Patterning of Cited2 null mutant embryos
The expression profile of Cited2 from 8.5 to 9.5 d.p.c. suggested that the lack of Cited2 in the neural ectoderm might be the likely reason for the NTD. However, since the aetiology of NTDs is very complex, we assessed the integrity and patterning of the neural ectoderm, head mesenchyme and cranial neural crest, all tissues of Cited2 expression, from 8.5 to 10.5 d.p.c.
Defects in head mesenchyme have been shown to cause NTDs in Twist and Cart1 mutant mice (17,18). Histological analysis and RNA in situ hybridization for Twist showed no differences between Cited2–/– and wild-type embryos (n = 5; Fig. 5A and B and data not shown). Similarly, Shh was normally expressed in Cited2–/– and wild-type littermates (data not shown). Expression of the neural crest marker Crabp-1 was largely unaffected in Cited2–/– embryos except for a partial reduction of migratory neural crest into the second branchial arch of the Cited2–/– mutants when compared with wild-type littermates (n = 5; Fig. 5C and D). Immunostaining of neural crest derivatives with anti-acetylated tubulin antibody revealed no significant defects either in cranial and dorsal root ganglia (DRG) or in the cranial or spinal nerves of the Cited2–/– mutants at 10.0–10.5 d.p.c. (n = 3; Fig. 5E and F). Histological examination of Cited2–/– embryos at 14.5 d.p.c. revealed the presence of the trigeminal (V), facioacoustic (VII and VIII), glossopharyngeal (IX) and vagus (X) ganglia, but they were reduced in size when compared with those of wild-type littermates. Whether these defects are a consequence of the overall reduced size of the Cited2–/– mutants or reflect a specific requirement for Cited2 in these structures needs further analysis. Defects were also observed in the DRG, namely fusion of DRG in the cervical region, which are likely to be secondary to the exencephaly of the hindbrain.

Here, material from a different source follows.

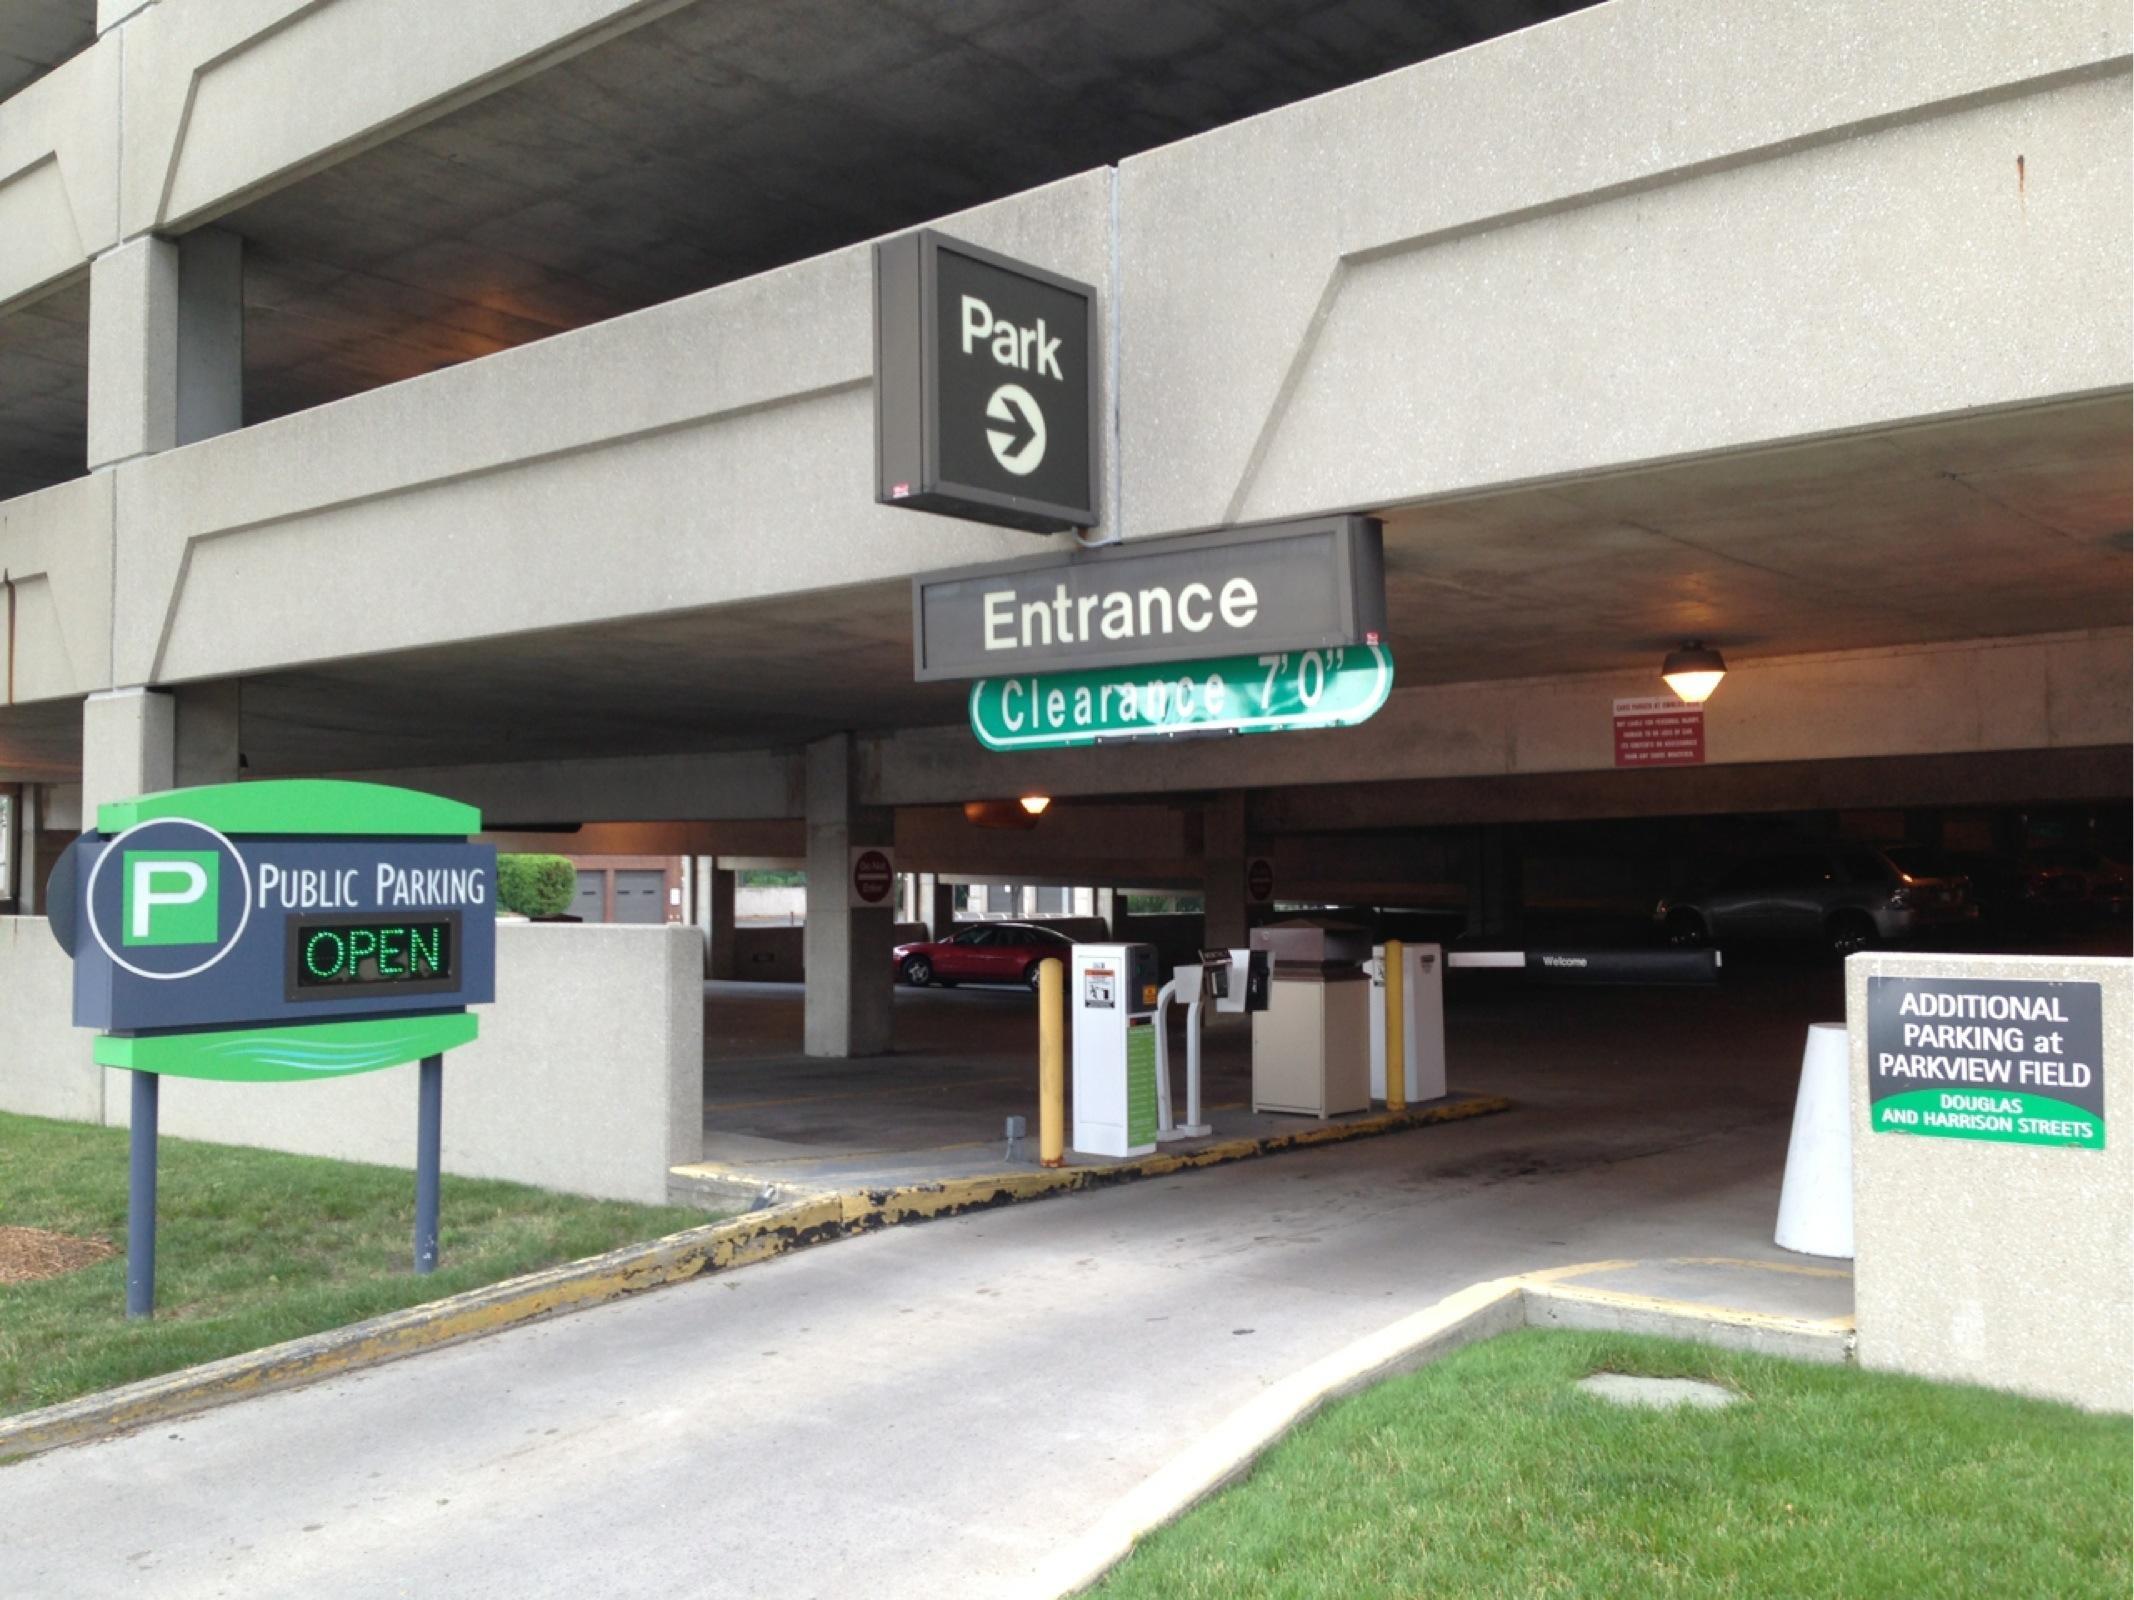 Civic Center Garage: Civic Center Parking Garage - Parking In Fort Wayne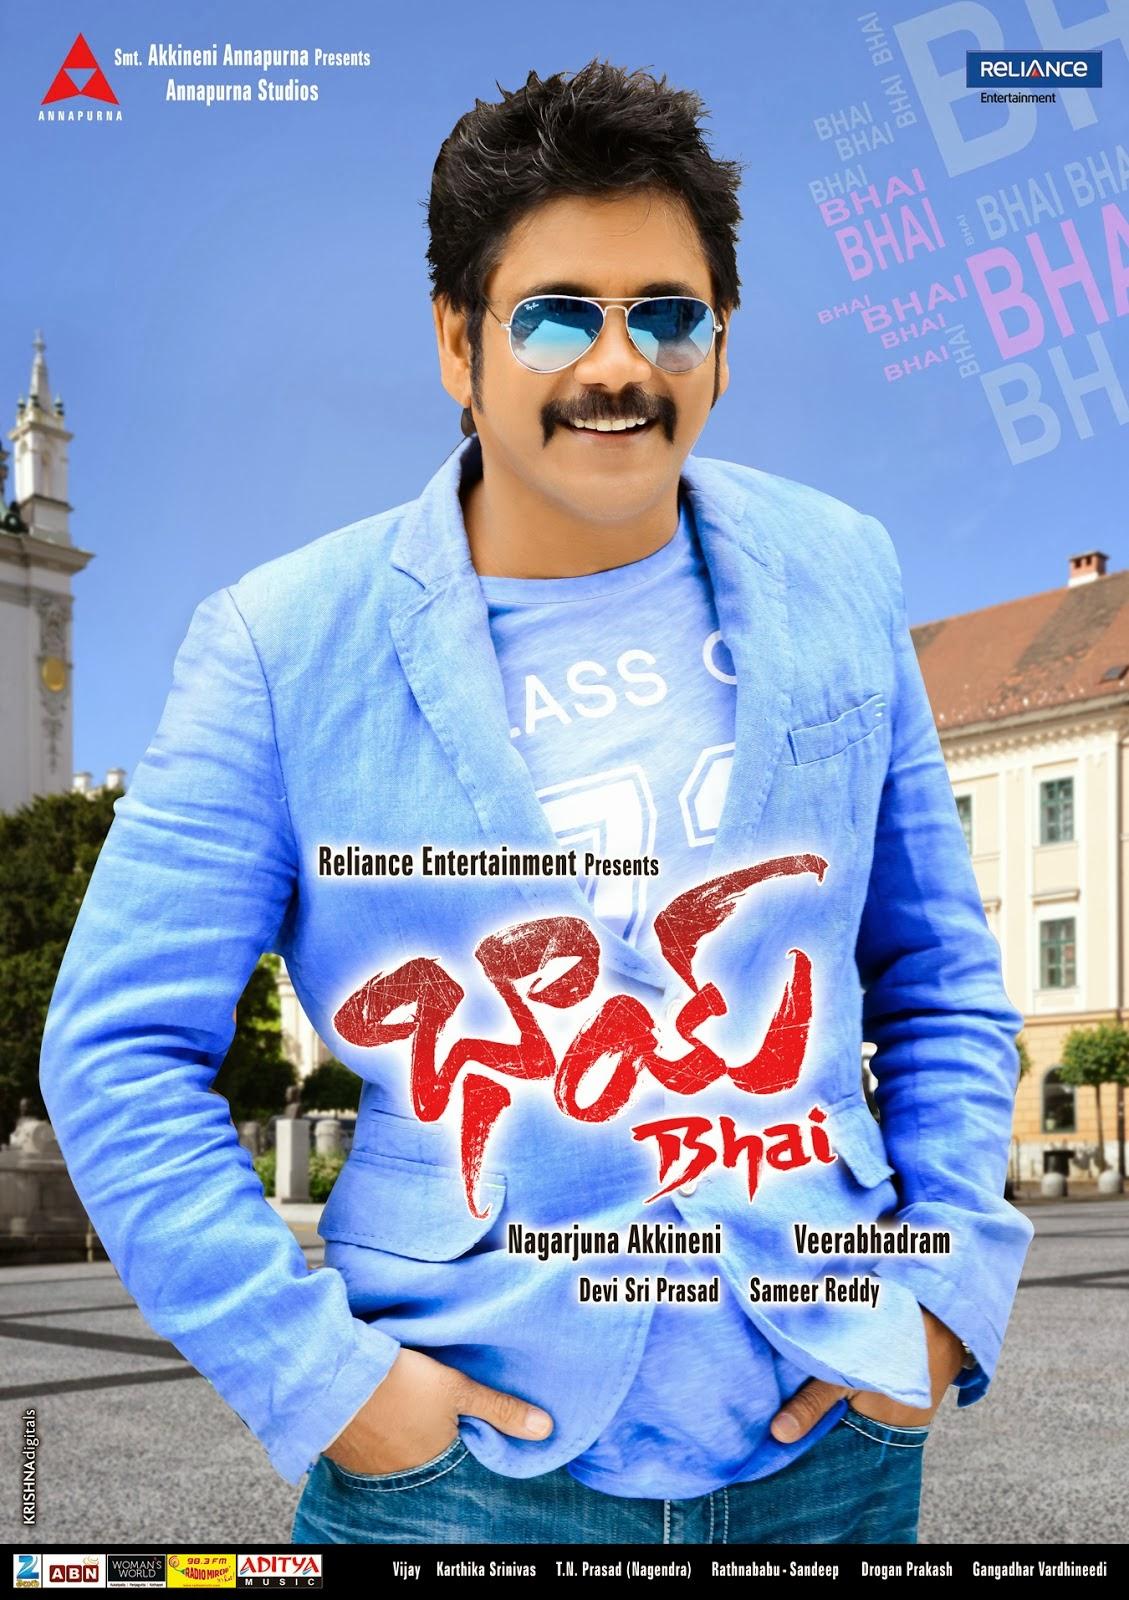 Bhai Movie Latest HQ Movie Posters - AtozCineGallery

These findings suggested that the NTDs probably result from a primary defect in the neural ectoderm. Therefore, neural patterning was analysed by in situ hybridization with specific markers for distinct regions of the neural tube. These analyses revealed that expression domains of the markers Otx2, Fgf8, Krox20, Wnt1, Wnt3a, Pax3, Msx1 and Msx2 were little or not altered in the Cited2–/– embryos when compared with Cited2+/– or wild-type littermates (n = 42; Fig. 5G–P). The only notable difference was a reduction in the expression of Wnt1, Wnt3a, Pax3, Msx1 and Msx2 in the roof plate and dorsal aspects of the FB, MB and rostral hindbrain regions. This was thought to be a consequence of the NTDs, as no abnormal expression of Pax3, Wnt1 and Msx2 was observed in Cited2–/– embryos with successful closure at 10.5 d.p.c. (Wnt3a and Msx1 expression was not analysed in these embryos), nor was the expression of Wnt1 and Pax3 affected at the seven to eight somite stage (data not shown). Altogether, this analysis suggests that gross alterations in patterning of the neuroepithelium or the head mesenchyme do not account for the NTDs observed in the Cited2–/– embryos.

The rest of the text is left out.